Tissue stem cells and germ line or embryonic stem cells were shown to have reduced oxidative metabolism, which was proposed to be an adaptive mechanism to reduce damage accumulation caused by reactive oxygen species. However, an alternate explanation is that stem cells are less dependent on specialized cytoplasmic functions compared with differentiated cells, therefore, having a high nuclear-to-cytoplasmic volume ratio and consequently a low mitochondrial content. To determine whether stem cells rely or not on mitochondrial respiration, we selectively ablated the electron transport chain in the basal layer of the epidermis, which includes the epidermal progenitor/stem cells (EPSCs). This was achieved using a loxP-flanked mitochondrial transcription factor A (Tfam) allele in conjunction with a keratin 14 Cre transgene. The epidermis of these animals (Tfam(EKO)) showed a profound depletion of mitochondrial DNA and complete absence of respiratory chain complexes. However, despite a short lifespan due to malnutrition, epidermal development and skin barrier function were not impaired. Differentiation of epidermal layers was normal and no proliferation defect or major increase of apoptosis could be observed. In contrast, mice with an epidermal ablation of prohibitin-2, a scaffold protein in the inner mitochondrial membrane, displayed a dramatic phenotype observable already in utero, with severely impaired skin architecture and barrier function, ultimately causing death from dehydration shortly after birth. In conclusion, we here provide unequivocal evidence that EPSCs, and probably tissue stem cells in general, are independent of the mitochondrial respiratory chain, but still require a functional dynamic mitochondrial compartment.

Imbalance of Mitochondrial Respiratory Chain Complexes in the Epidermis Induces Severe Skin Inflammation.

Accumulation of large-scale mitochondrial DNA (mtDNA) deletions and chronic, subclinical inflammation are concomitant during skin aging, thus raising the question of a causal link. To approach this, we generated mice expressing a mutant mitochondrial helicase (K320E-TWINKLE) in the epidermis to accelerate the accumulation of mtDNA deletions in this skin compartment. Mice displayed low amounts of large-scale deletions and a dramatic depletion of mtDNA in the epidermis and showed macroscopic signs of severe skin inflammation. The mtDNA alterations led to an imbalanced stoichiometry of mitochondrial respiratory chain complexes, inducing a unique combination of cytokine expression, causing a severe inflammatory phenotype, with massive immune cell infiltrates already before birth. Altogether, these data unraveled a previously unknown link between an imbalanced stoichiometry of the mitochondrial respiratory chain complexes and skin inflammation and suggest that severe respiratory chain dysfunction, as observed in few cells leading to a mosaic in aged tissues, might be involved in the development of chronic subclinical inflammation.

Mosaic Deficiency in Mitochondrial Oxidative Metabolism Promotes Cardiac Arrhythmia during Aging.

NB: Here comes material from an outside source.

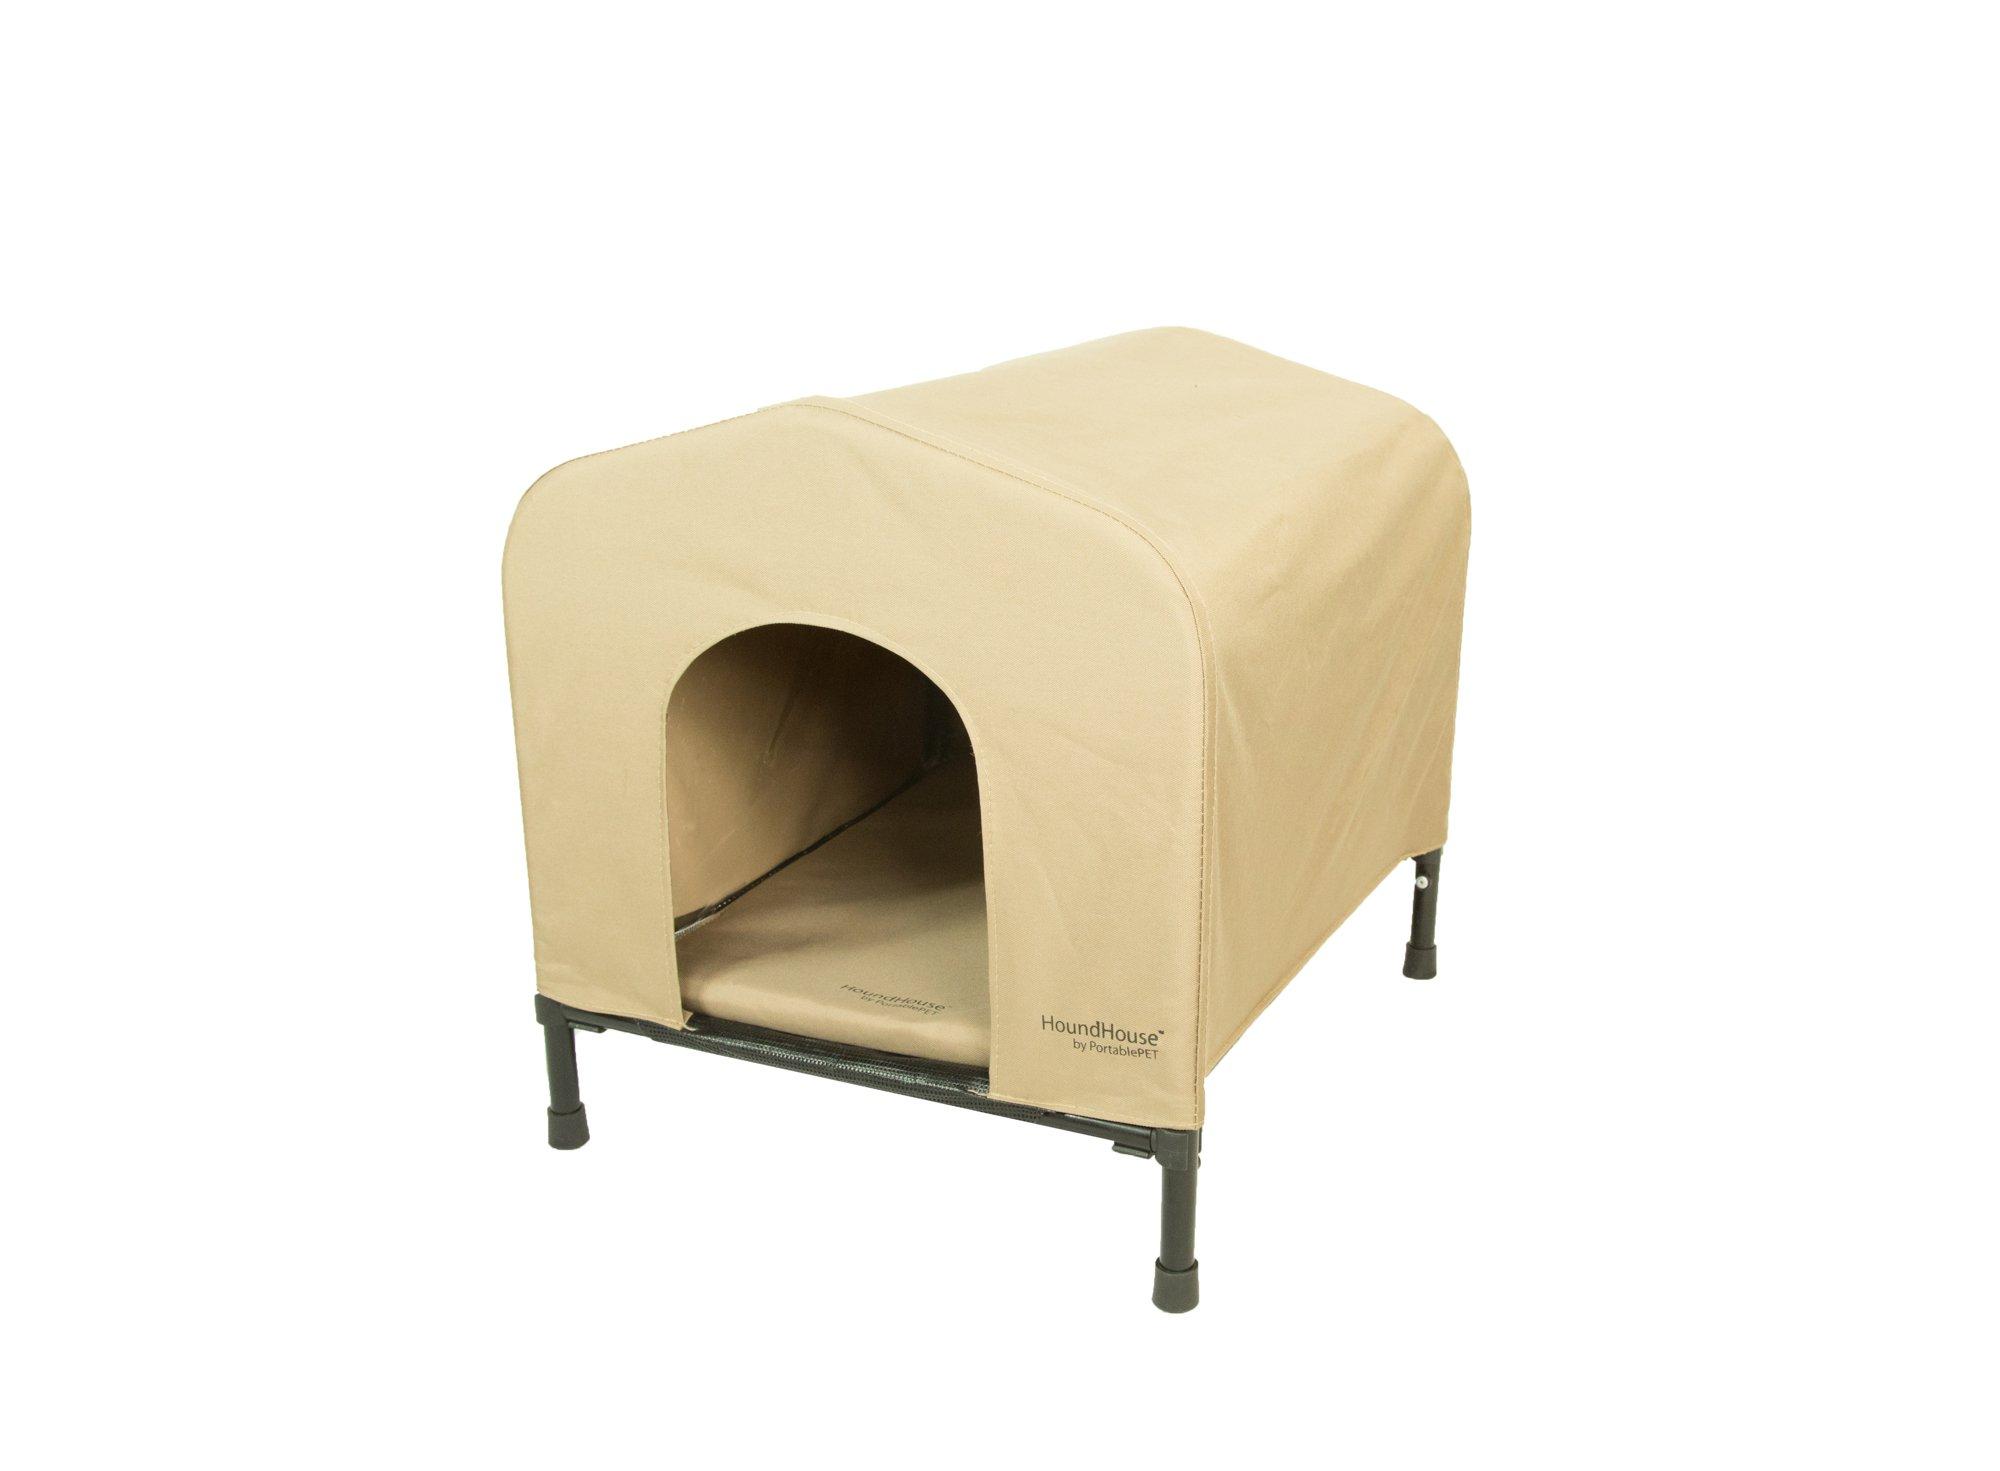 Heininger 3095 PortablePET Medium Khaki HoundHouse Kennel and Shelter
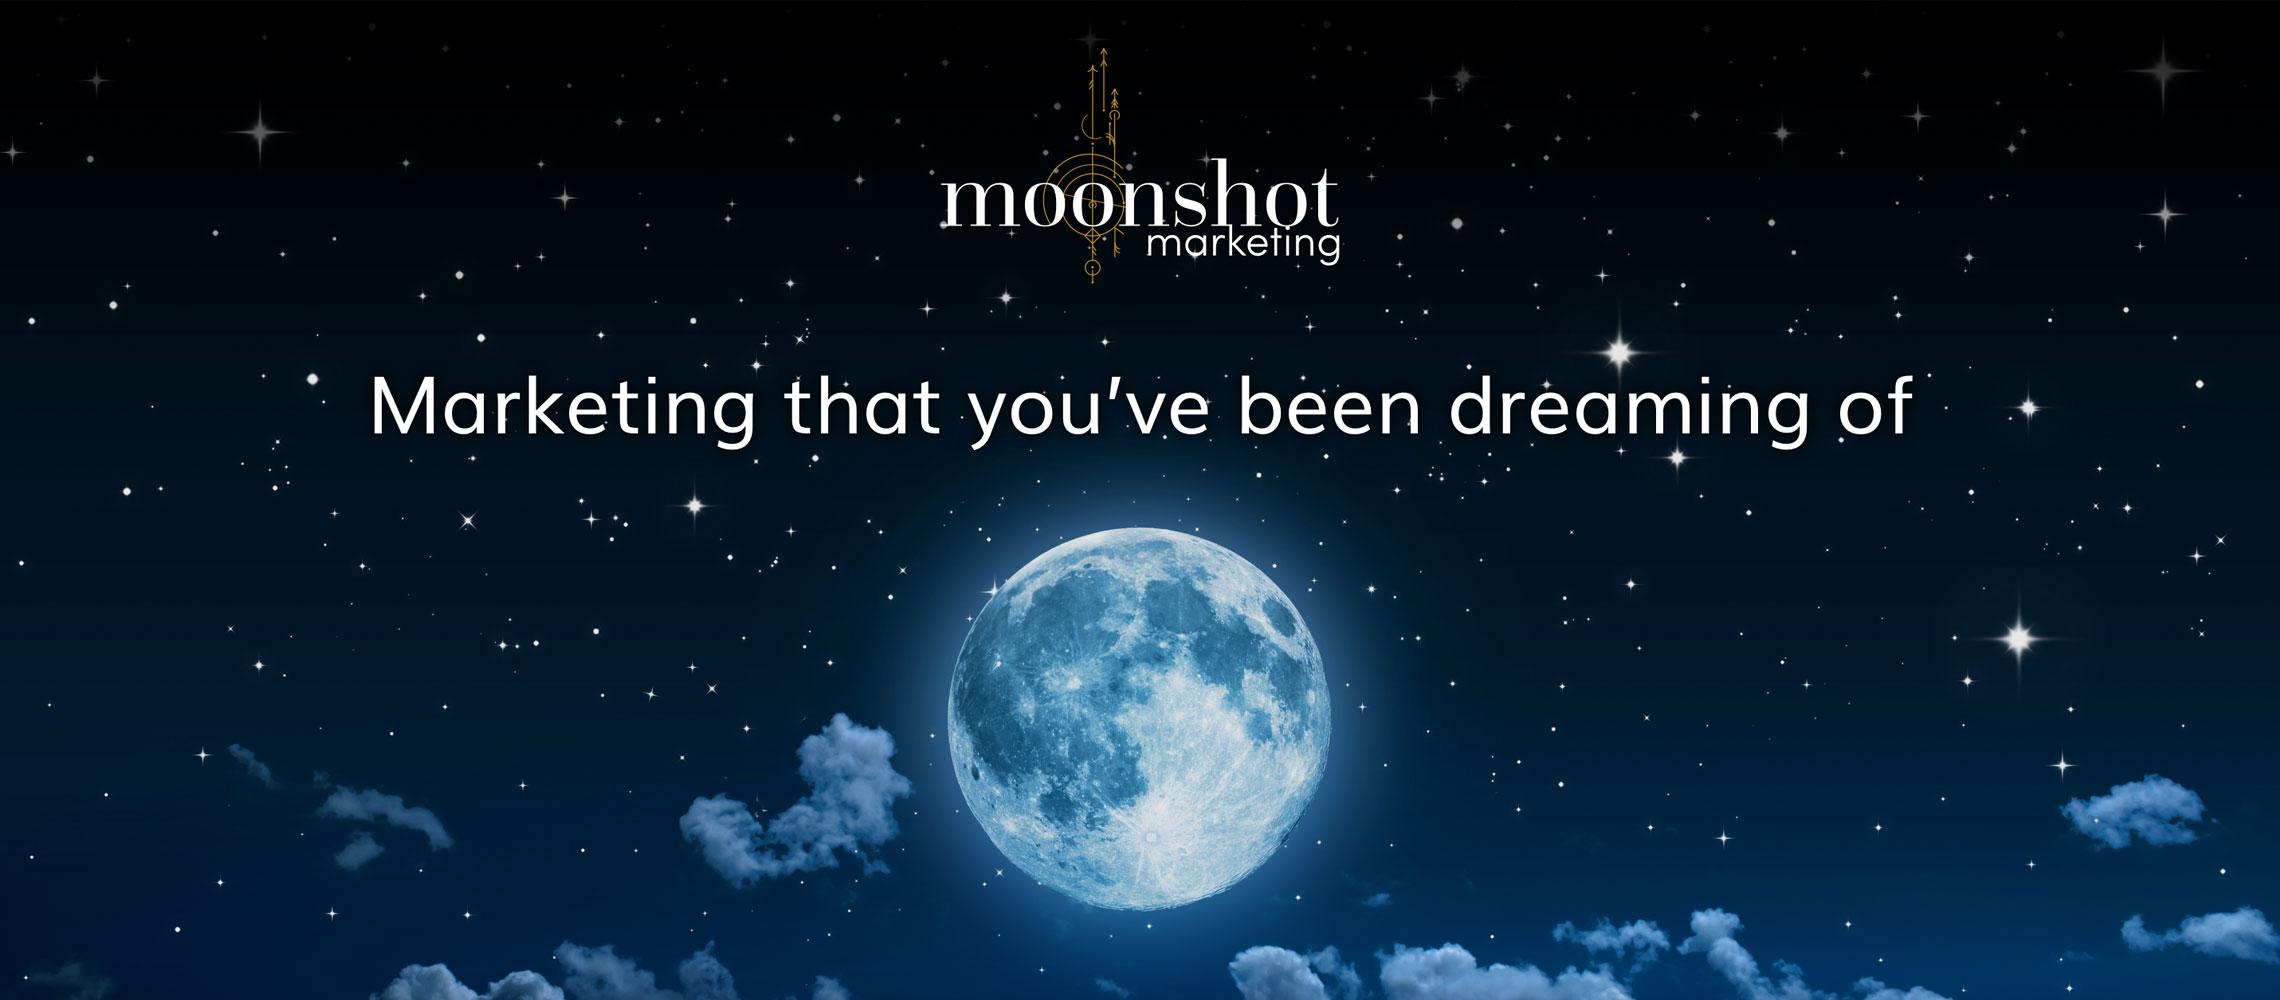 Moonshot Marketing

Aging is a progressive decline of body function, during which many tissues accumulate few cells with high levels of deleted mitochondrial DNA (mtDNA), leading to a defect of mitochondrial functions. Whether this mosaic mitochondrial deficiency contributes to organ dysfunction is unknown. To investigate this, we generated mice with an accelerated accumulation of mtDNA deletions in the myocardium, by expressing a dominant-negative mutant mitochondrial helicase. These animals accumulated few randomly distributed cardiomyocytes with compromised mitochondrial function, which led to spontaneous ventricular premature contractions and AV blocks at 18 months. These symptoms were not caused by a general mitochondrial dysfunction in the entire myocardium, and were not observed in mice at 12 months with significantly lower numbers of dysfunctional cells. Therefore, our results suggest that the disposition to arrhythmia typically found in the aged human heart might be due to the random accumulation of mtDNA deletions and the subsequent mosaic respiratory chain deficiency.